Jarron’s eyes darken. The magic filling the hall pulses and zings, making it harder to breathe.

“And then, I got a journal entry that had been ripped from Liz’s diary. It would have been pretty incriminating to Mr. Vandozer if it had been there before.”

The air around me turns icy.

“Jarron?” I whisper, but his eyes are not his any longer. “I don’t think it’s that big of a deal,” I say, hoping to absolve the stress building in him as we speak.

“Not a big deal?” he repeats, his voice more echoey than usual. “Worst case, it means someone connected to the games is stalking you. Best case, someone in this school is taunting you. Neither option is okay with me. And if the journal entry is real…” He runs his fingers through his messy hair.“I can’t believe you didn’t tell me this sooner.”

I release my breath and mutter, “sorry.”

“Okay. I need you to bring me those letters. I need to see them.”

I shift my weight from foot to foot. “Bring them—”

“To Elite Hall.”

It takes me a tad too long to respond. “You want me to come to Elite Hall?” I finally force out.

“There isn’t much choice,” he says slowly. “I need to examine them. Test them. We shouldn’t do that in public, and I can’t go into Minor Hall.”

I suddenly feel lightheaded. He’s all but confirmed my assumption that he means his room. We’d need to be somewhere private.

Emotions I’ve fought very hard to shove into little boxes begin to emerge.

He must read that fear on my face because then he says, “I suppose, if you don’t want to be alone with me, you could just give them to me and I’ll do it all myself and bring them back when I’m finished.”
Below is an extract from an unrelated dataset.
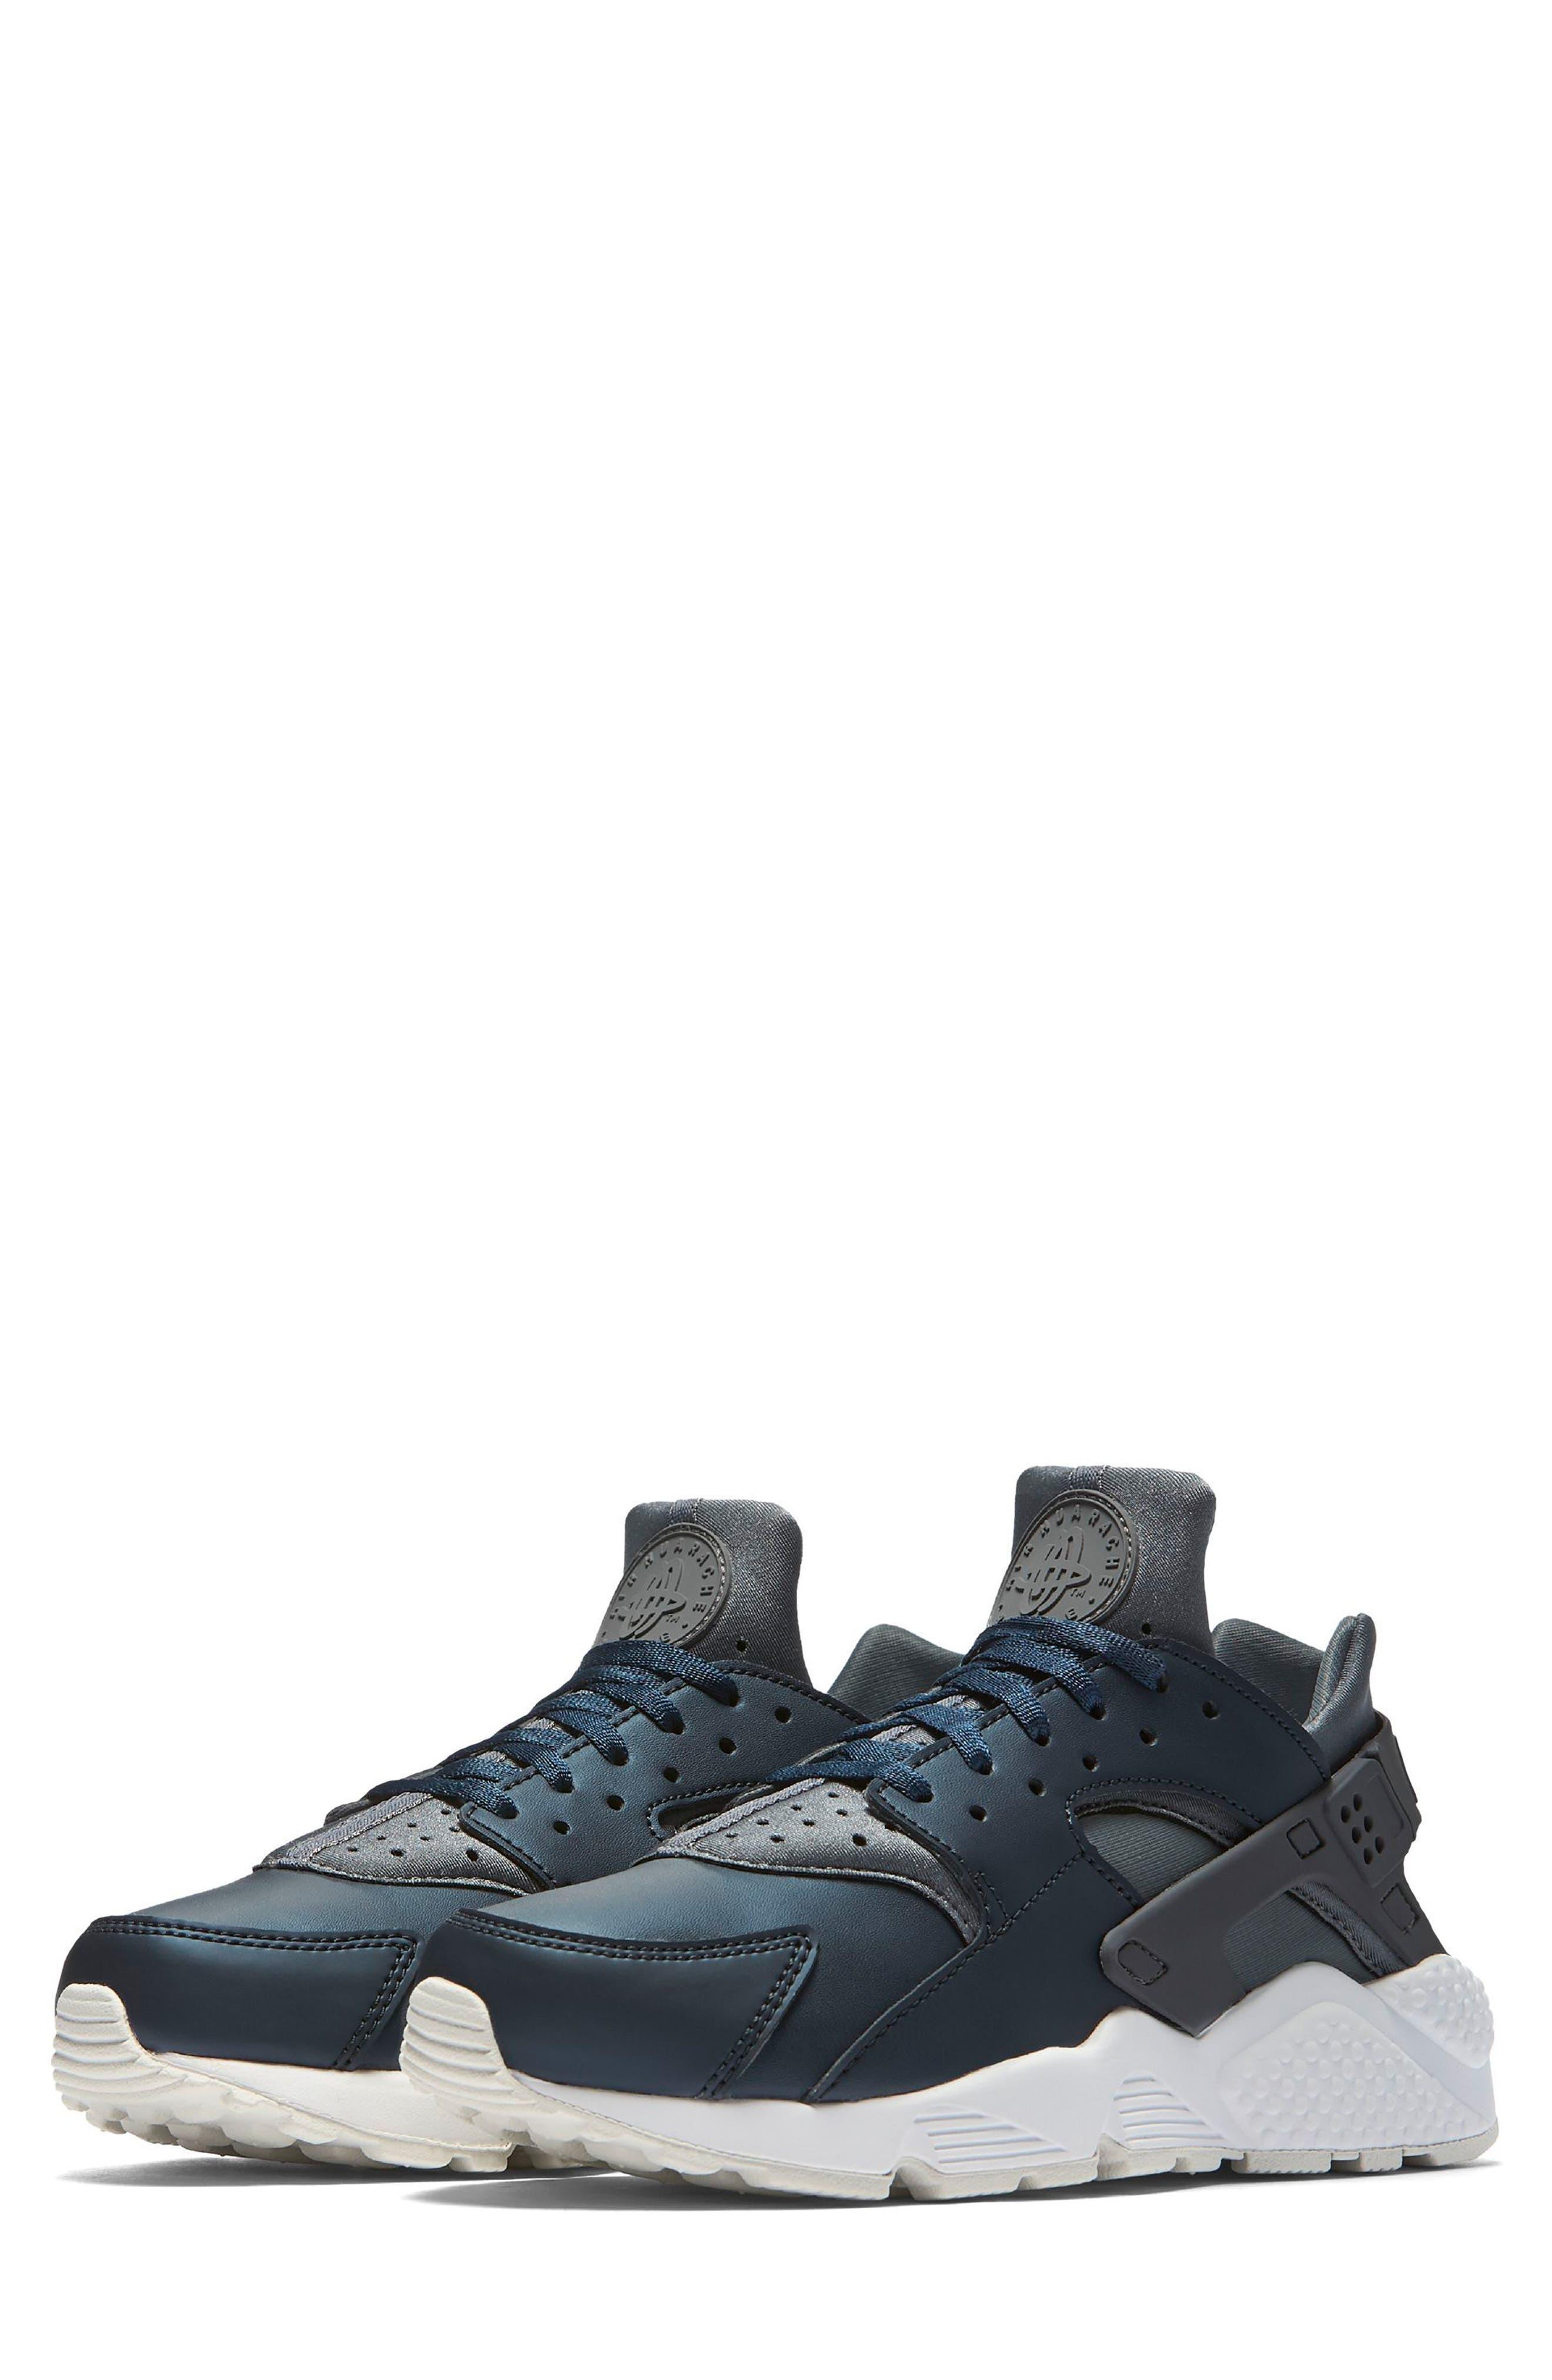 Alternate Image 1 Selected - Nike Air Huarache Run Premium Sneaker (Women)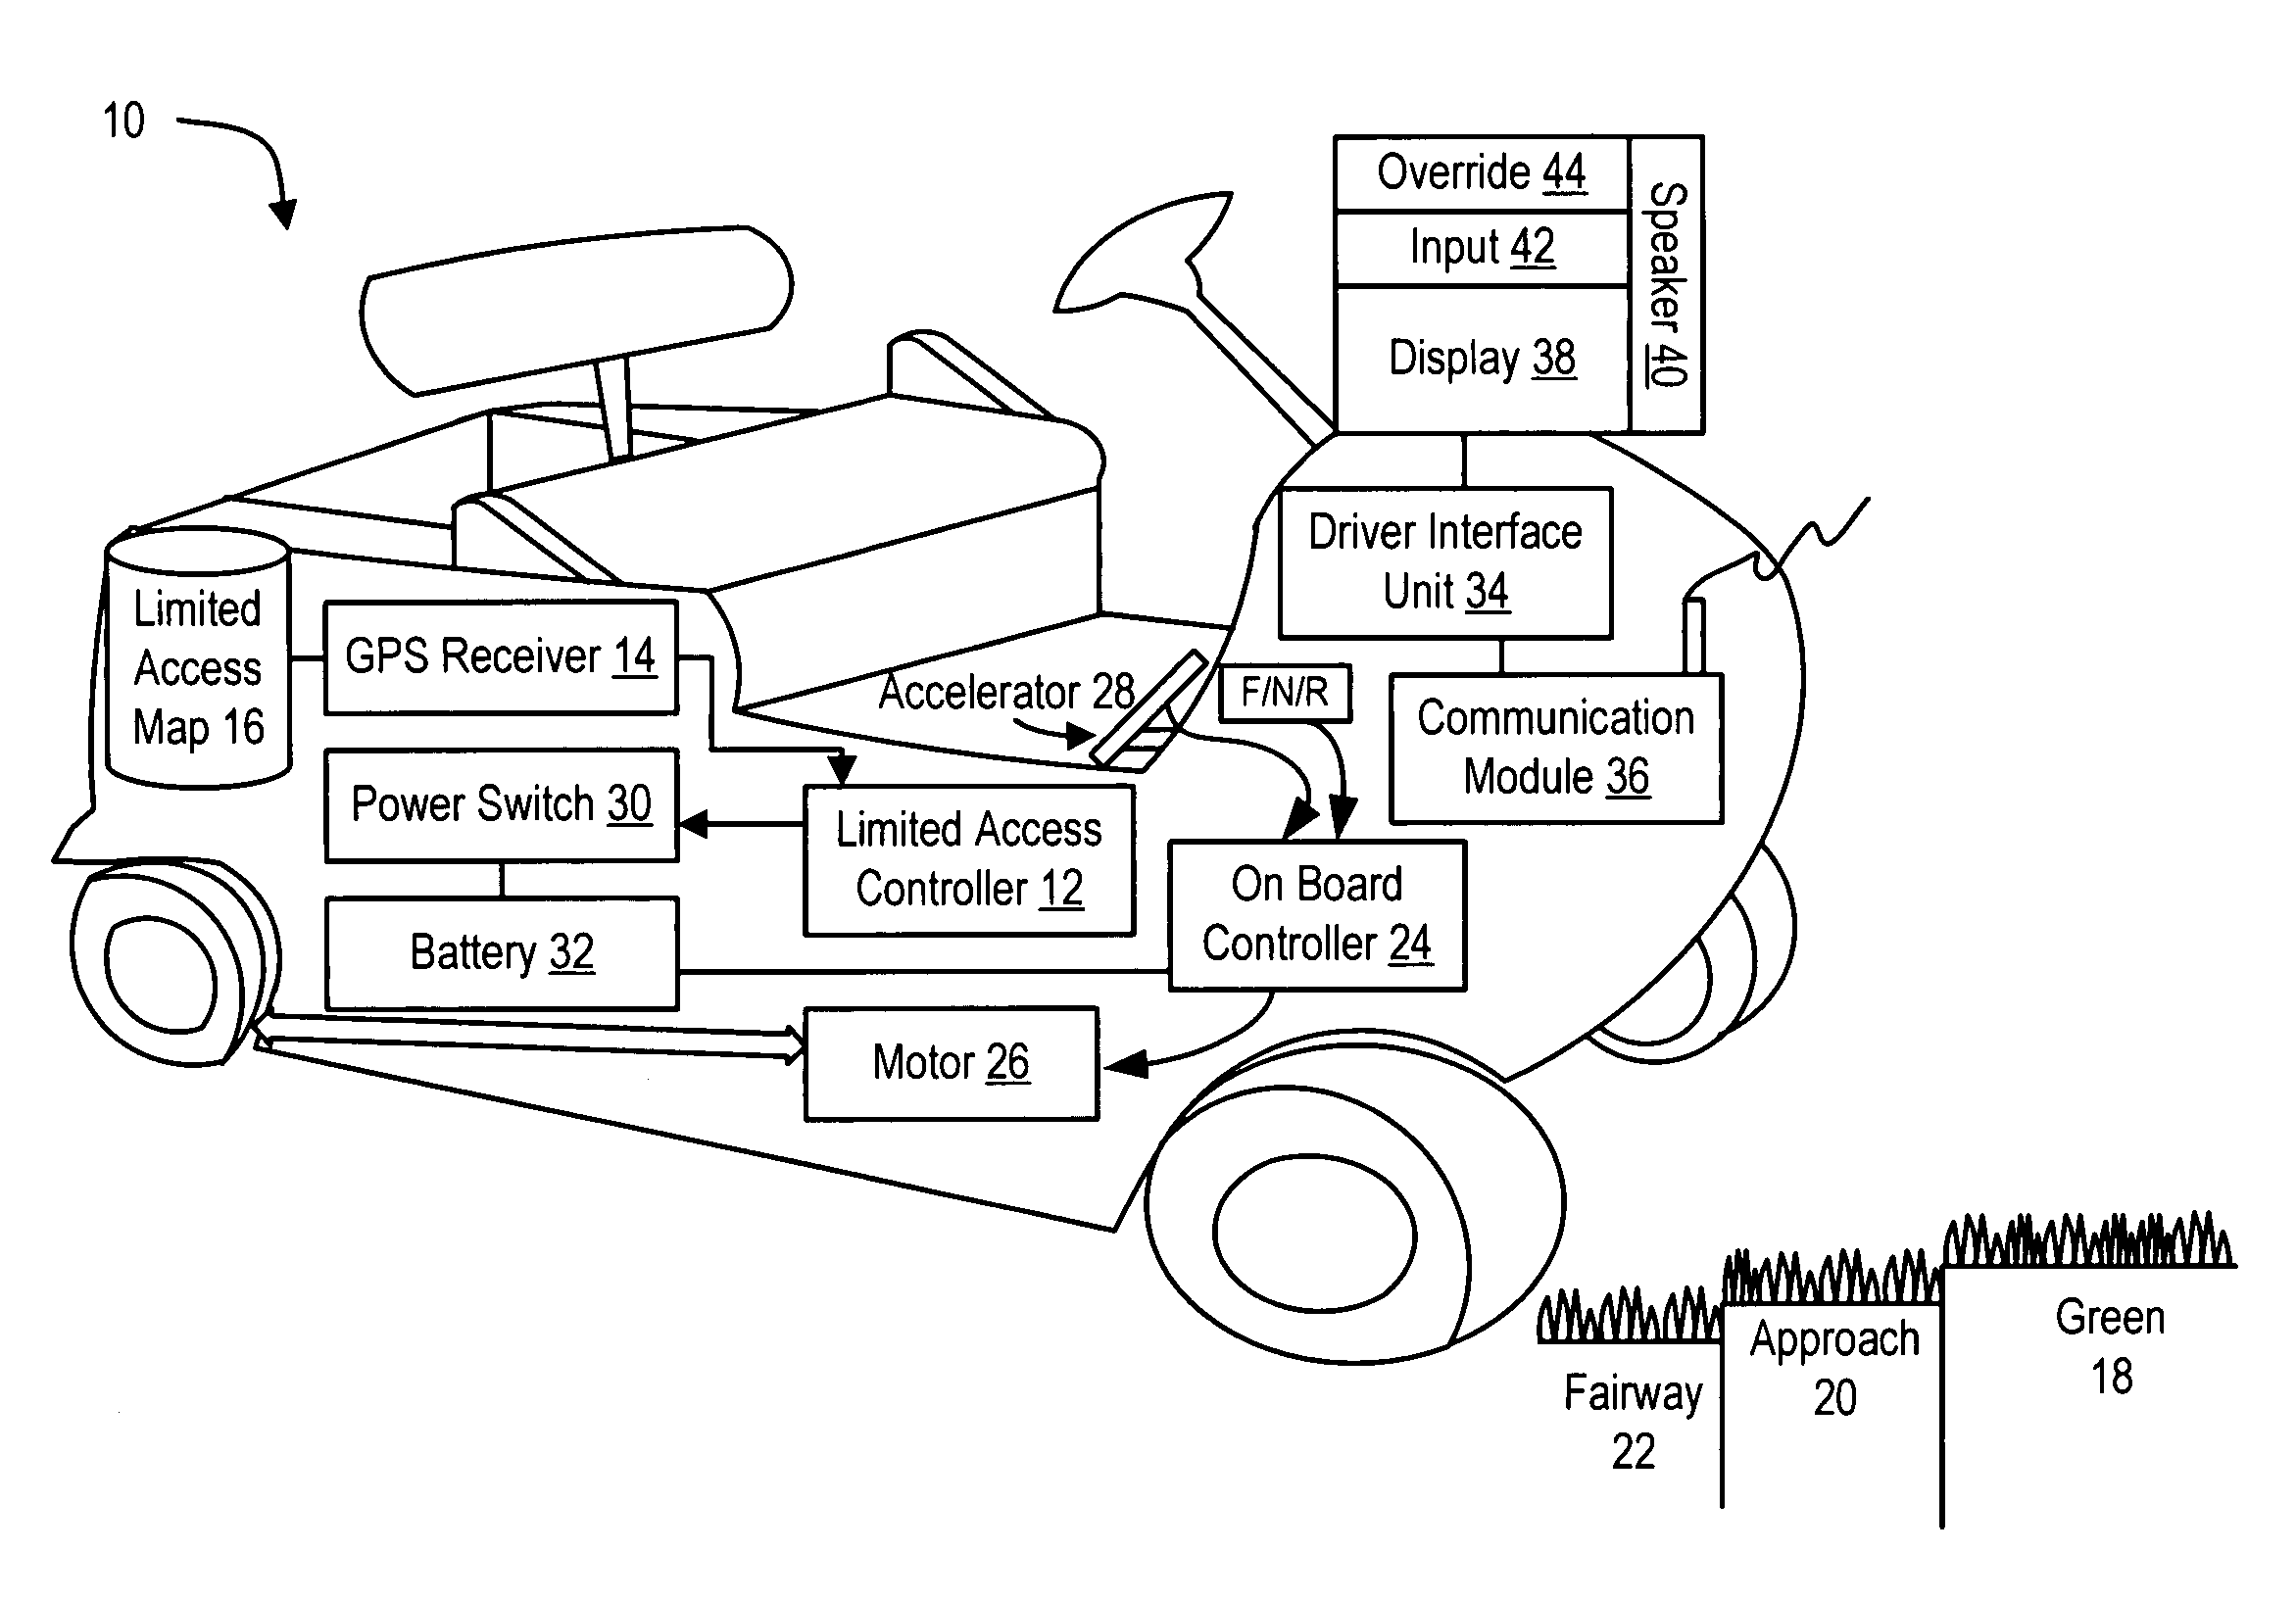 US07239965 20070703 D00000?resize\\\\\\\=665%2C463 36v ezgo textron wiring diagram ez golf cart wiring diagram, ezgo ezgo battery installation diagram at alyssarenee.co

“I—no, I can. I can come.” I blink rapidly. This is going to be awkward, and overwhelming and so many other things. But it’s Jarron. I want us to be friends.

So, this shouldn’t be that big of a deal.

Right? Right. Not a big deal.

I’ll just conveniently forget the fact that he is losing control of his demon side. The demon that seems very interested in me for reasons I can’t fully understand because it didn’t choose me three years ago. It chose my sister.

I’ll also have to pretend that I don’t want to relive those intimate moments I shared with him in that room while we were still “together.” My cheeks heat even now. This is going to be tough.

“You’re sure? I understand that you’re afraid of me—”

“No. It’s not that,” I say quickly. “I’m not afraid of you.”

I’m wary. I’m confused. I’m hurt.

I’m terrified, but not of him, of my own lack of self-control.

He doesn’t seem to be convinced, but he doesn’t comment again. “So, this afternoon?”

And yet, somehow, it feels like the whole Earth has shifted beneath me as I answer, “Yes.”

28

I Don’t Want To Lose You

To my surprise, when I meet Jarron in Elite Hall, he turns the opposite direction than his bedroom. My heart sinks and swells at the same time.